- La Fargeville Location within New York La Fargeville Location within the United States
- Coordinates: 44°11′39″N 75°58′6″W﻿ / ﻿44.19417°N 75.96833°W
- Country: United States
- State: New York
- County: Jefferson
- Town: Orleans
- Named after: Jean Frédéric de la Farge

Area
- • Total: 3.37 sq mi (8.73 km^{2})
- • Land: 3.31 sq mi (8.58 km^{2})
- • Water: 0.054 sq mi (0.14 km^{2})
- Elevation: 377 ft (115 m)

Population (2020)
- • Total: 537
- • Density: 162.0/sq mi (62.56/km^{2})
- Time zone: UTC-5 (Eastern (EST))
- • Summer (DST): UTC-4 (EDT)
- ZIP Code: 13656
- Area code: 315
- FIPS code: 36-40233
- GNIS feature ID: 0954846

= La Fargeville, New York =

La Fargeville is a hamlet and census-designated place (CDP) in the town of Orleans in Jefferson County, New York, United States. The population was 733 at the 2020 census. The hamlet is named after John Frederick La Farge, one of the early proprietors of the town. La Fargeville was once a village, but dissolved its municipal corporation in 1922.

La Fargeville is north of Watertown. The small hamlet has one school, LaFargeville Central School, which serves Pre-K through 12th grade. La Fargeville Central School is ranked the 911th largest public school, 17,312th nationally, and has a total student population of 552.

== History ==
The hamlet was previously called "Log Mills" when it was first settled around 1816, due to the construction of a sawmill for logs. John Frederick La Farge, a French immigrant who had Americanized his name from Jean Frédéric de la Farge, arrived in 1826. Already wealthy from an import business he had set up in New Orleans, he began in the 1820s to buy real estate and build houses in Jefferson County, speculation that eventually led to La Fargeville being named after him. His son John La Farge became a well-known artist.

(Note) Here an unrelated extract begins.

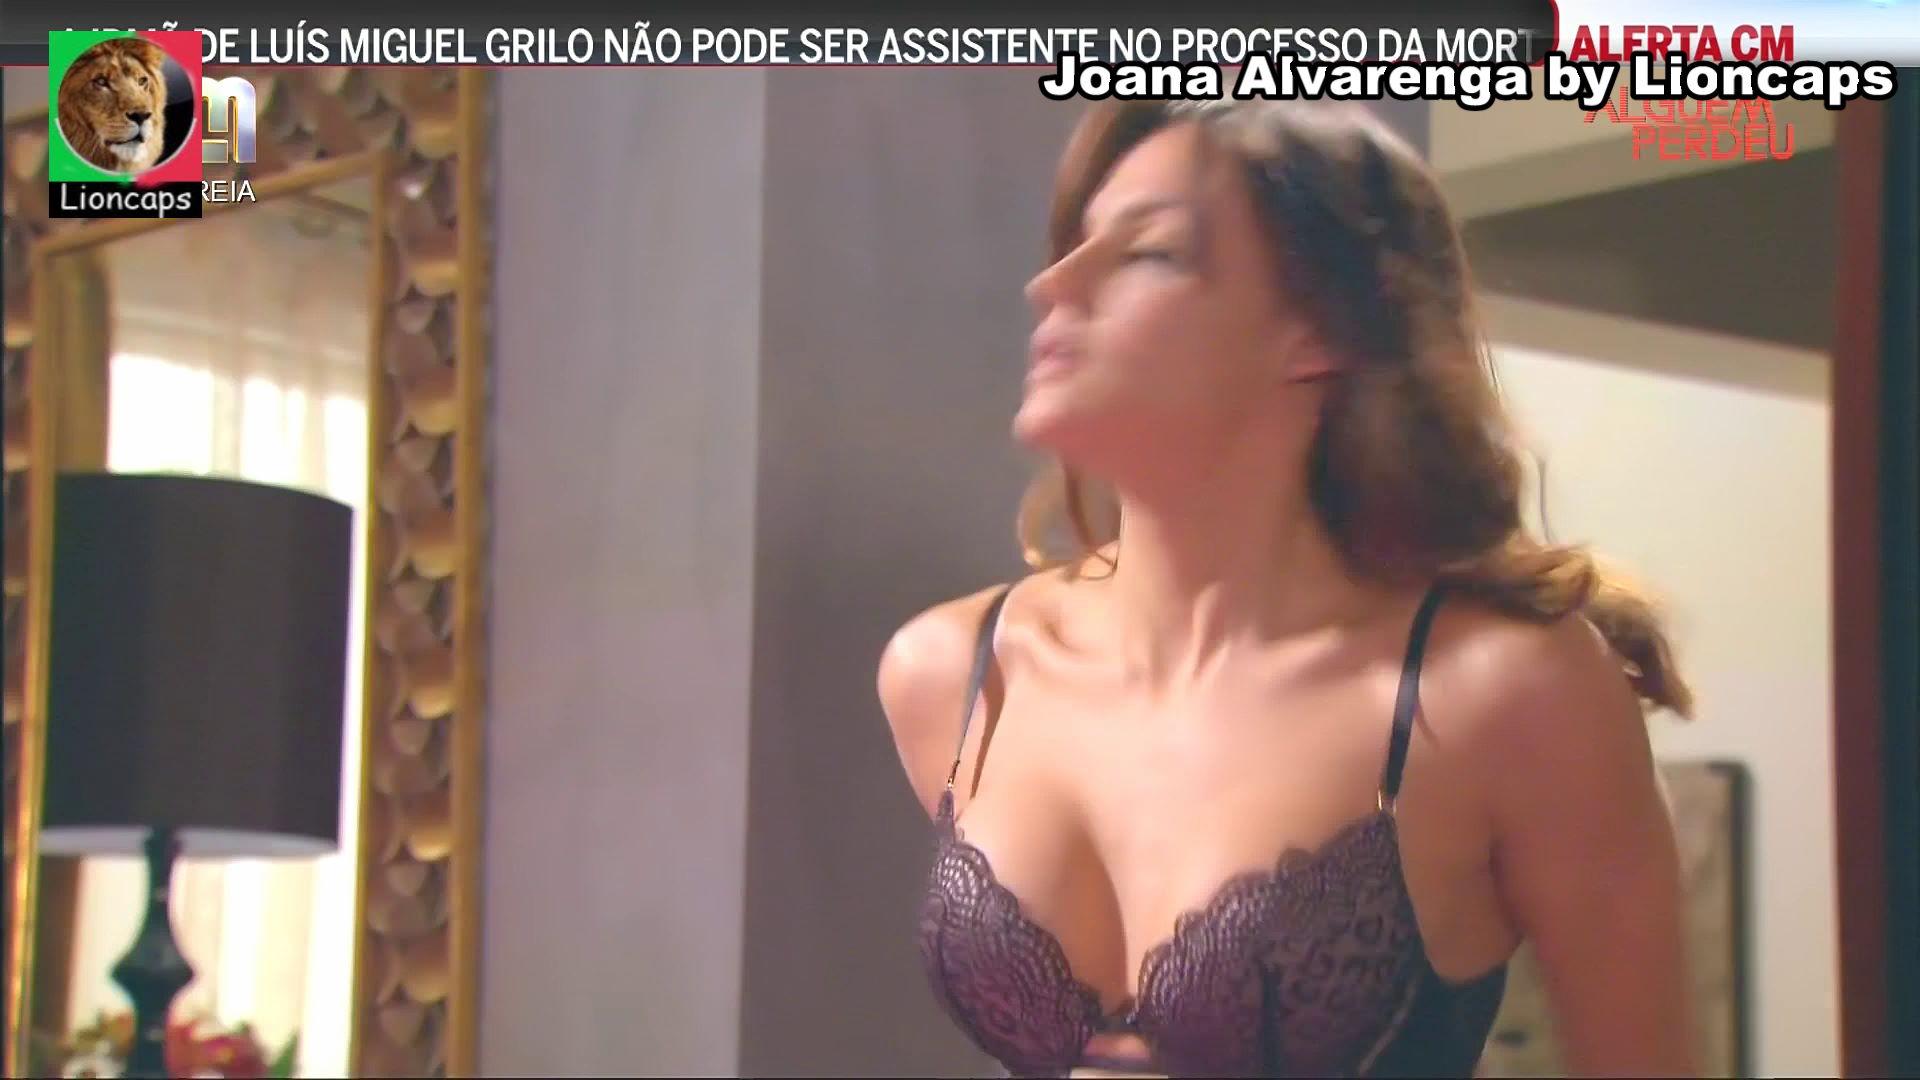 128717810_joana_alvarenga_vs190714_1992_122_568lo.JPG

By 1850, the population was about 300.

==Geography==
La Fargeville is in northern Jefferson County, in the central part of the town of Orleans. The Chaumont River, a southwest-flowing tributary of Lake Ontario, flows through the center of the community.

According to the United States Census Bureau, the CDP has a total area of 8.7 km2, of which 8.6 km2 are land and 0.1 km2, or 1.62%, are water.

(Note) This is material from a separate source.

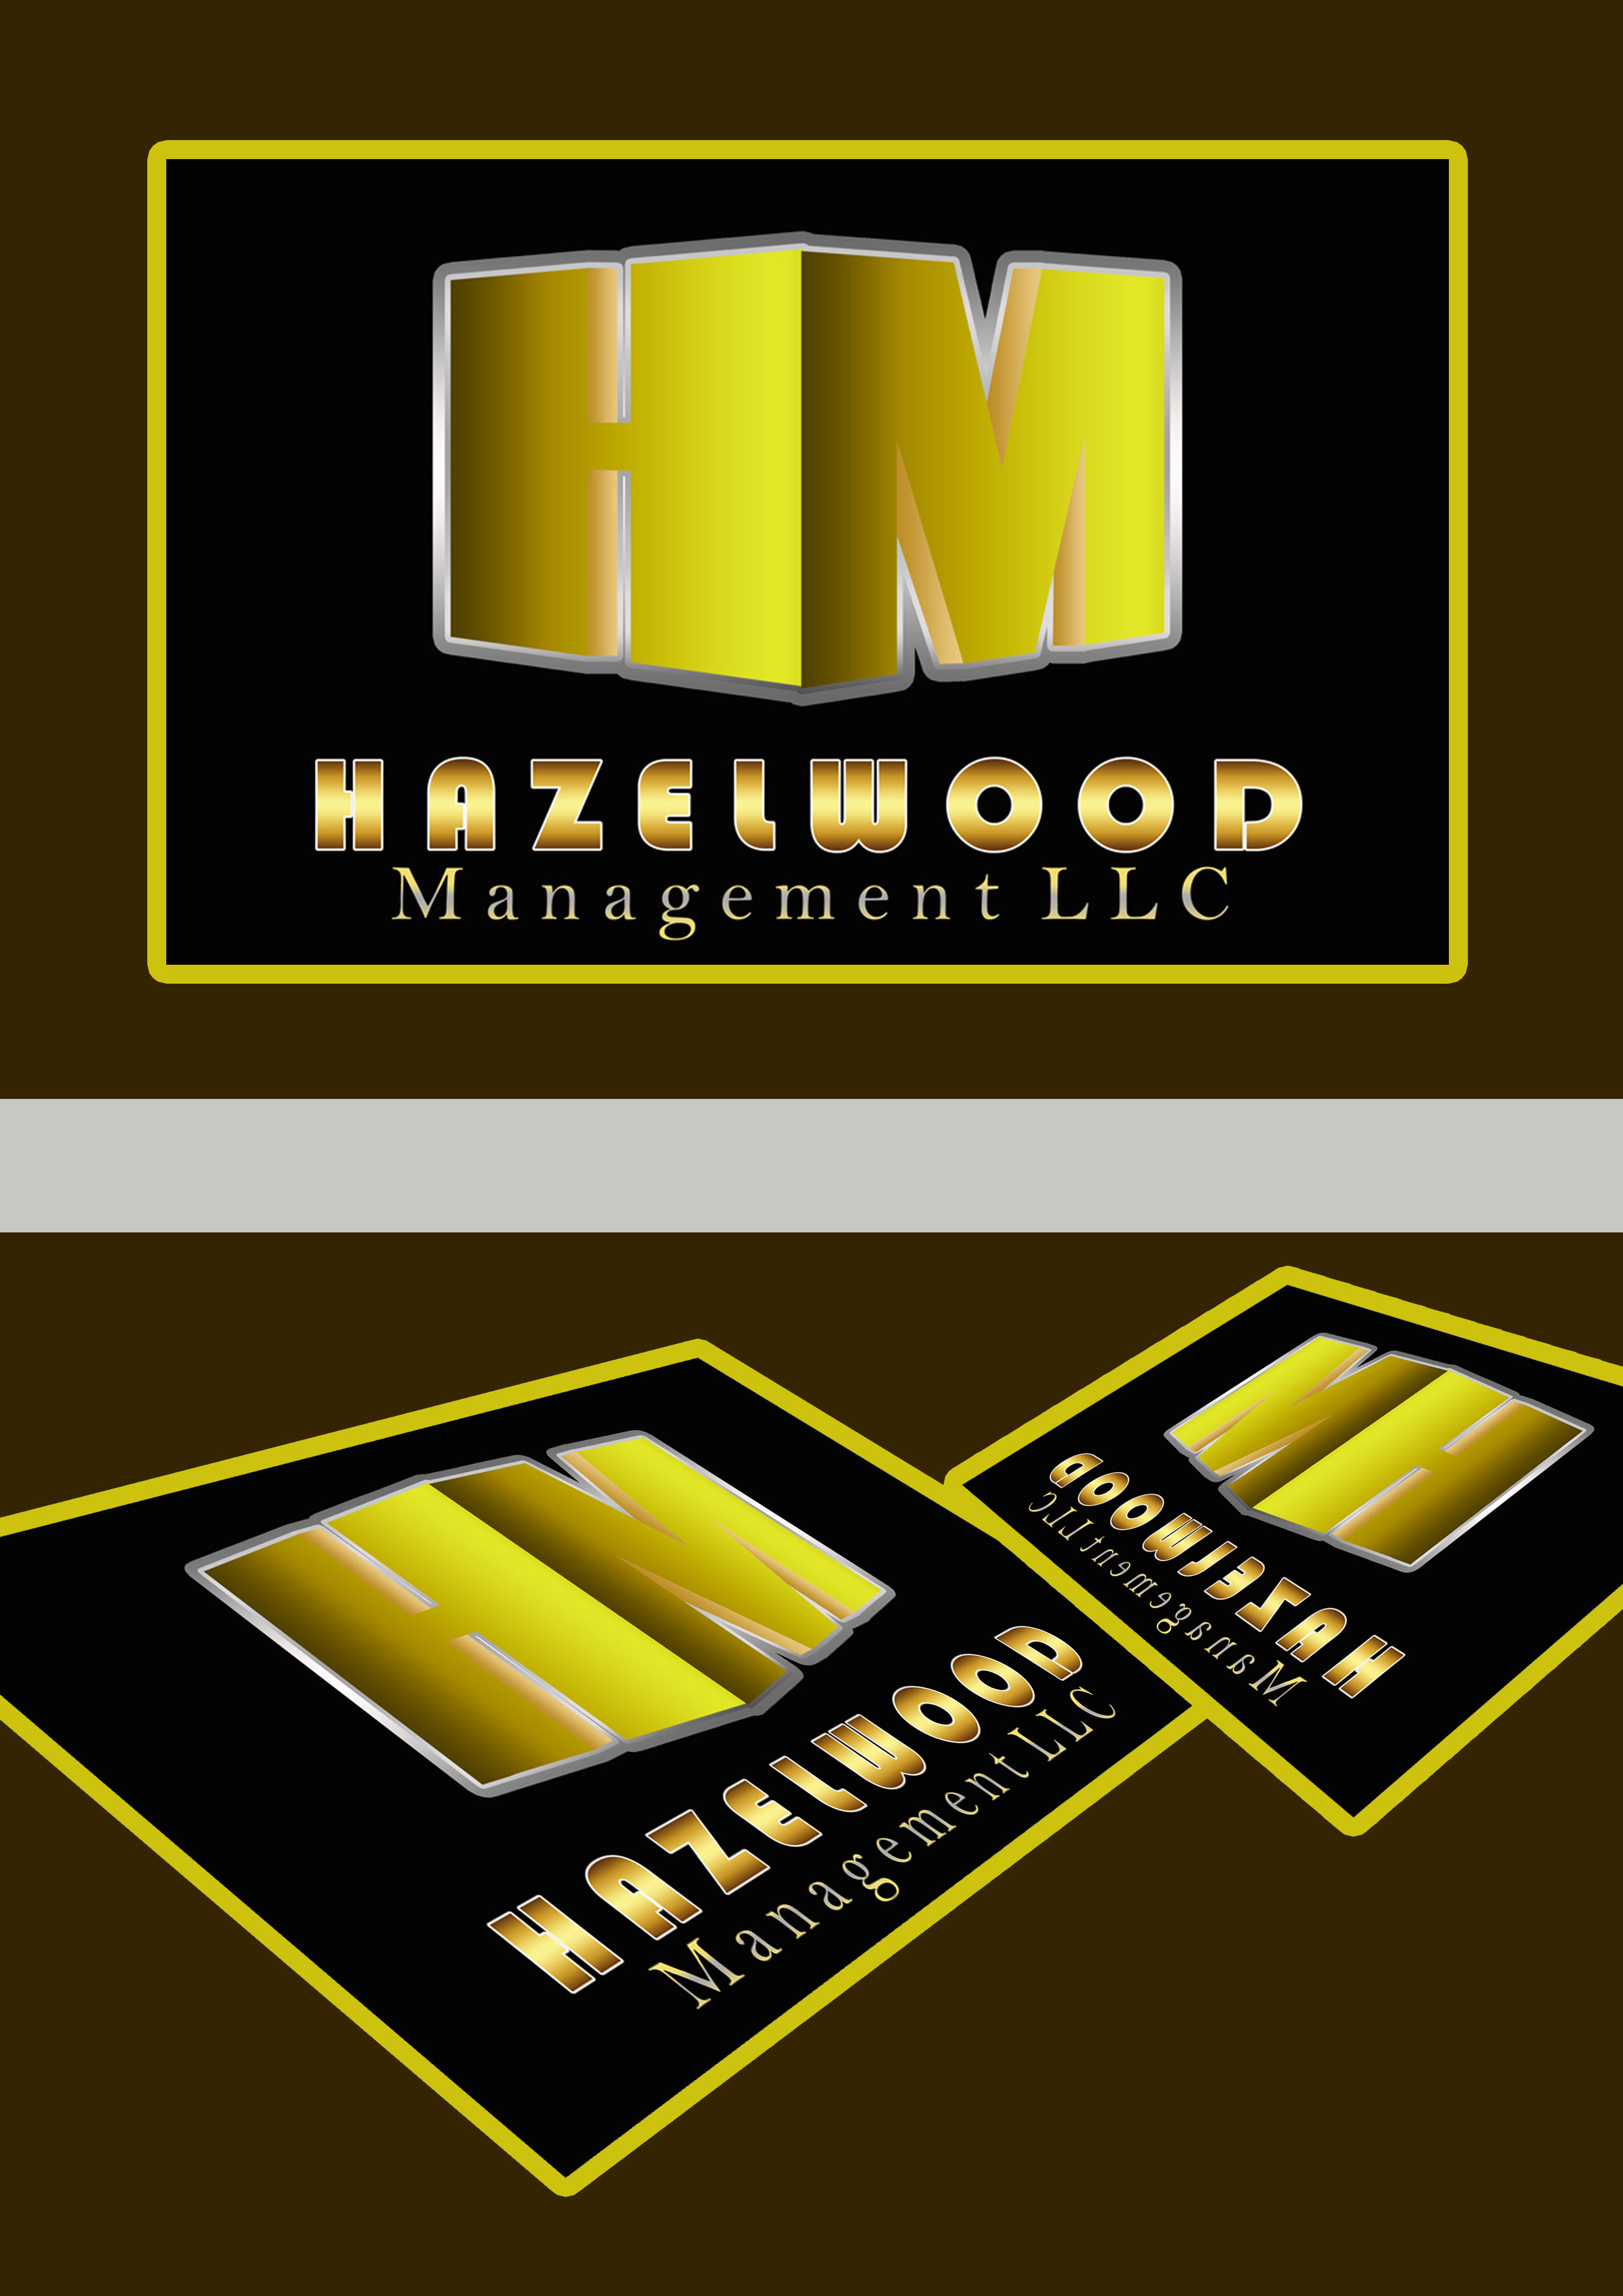 Logo Design by Jesther Jordan Minor - Entry No. 79 in the Logo Design Contest Hazelwood Management LLC Logo Design.

La Fargeville is at the junction of New York State Route 180 and New York State Route 411 (Plank Road). NY-180 leads north 7 mi to Fishers Landing on the St. Lawrence River and south 14 mi to Dexter at the mouth of the Black River into Lake Ontario. NY-411 leads east 4 mi to Interstate 81 and 9 mi to Theresa. County Road 181 (Plank Street) serves the hamlet from the west, leading 7 mi to Clayton on the St. Lawrence. Watertown, the Jefferson county seat, is 17 mi south of La Fargeville via Routes 180 and 12.

==Demographics==

As of the census of 2000, there were 588 people, 219 households, and 160 families residing in the CDP. The population density was 169.2 PD/sqmi. There were 236 housing units at an average density of 67.9 /sqmi. The racial makeup of the CDP was 95.41% White, 2.21% African American, 1.36% Native American, 0.34% Asian, and 0.68% from two or more races. Hispanic or Latino of any race were 0.17% of the population.

There were 219 households, out of which 32.9% had children under the age of 18 living with them, 54.3% were married couples living together, 13.7% had a female householder with no husband present, and 26.9% were non-families. 25.6% of all households were made up of individuals, and 10.5% had someone living alone who was 65 years of age or older. The average household size was 2.67 and the average family size was 3.11.

In the CDP, the population was spread out, with 28.2% under the age of 18, 8.3% from 18 to 24, 27.9% from 25 to 44, 22.8% from 45 to 64, and 12.8% who were 65 years of age or older. The median age was 36 years. For every 100 females, there were 82.6 males. For every 100 females age 18 and over, there were 81.9 males.

The median income for a household in the CDP was $29,286, and the median income for a family was $41,705. Males had a median income of $21,750 versus $24,306 for females. The per capita income for the CDP was $13,816. About 22.5% of families and 28.1% of the population were below the poverty line, including 48.9% of those under age 18 and 8.9% of those age 65 or over.

Historical population
| Census | Pop. | Note | %± |
| 2020 | 537 |  | — |
U.S. Decennial Census

==Education==
The school district is La Fargeville Central School District.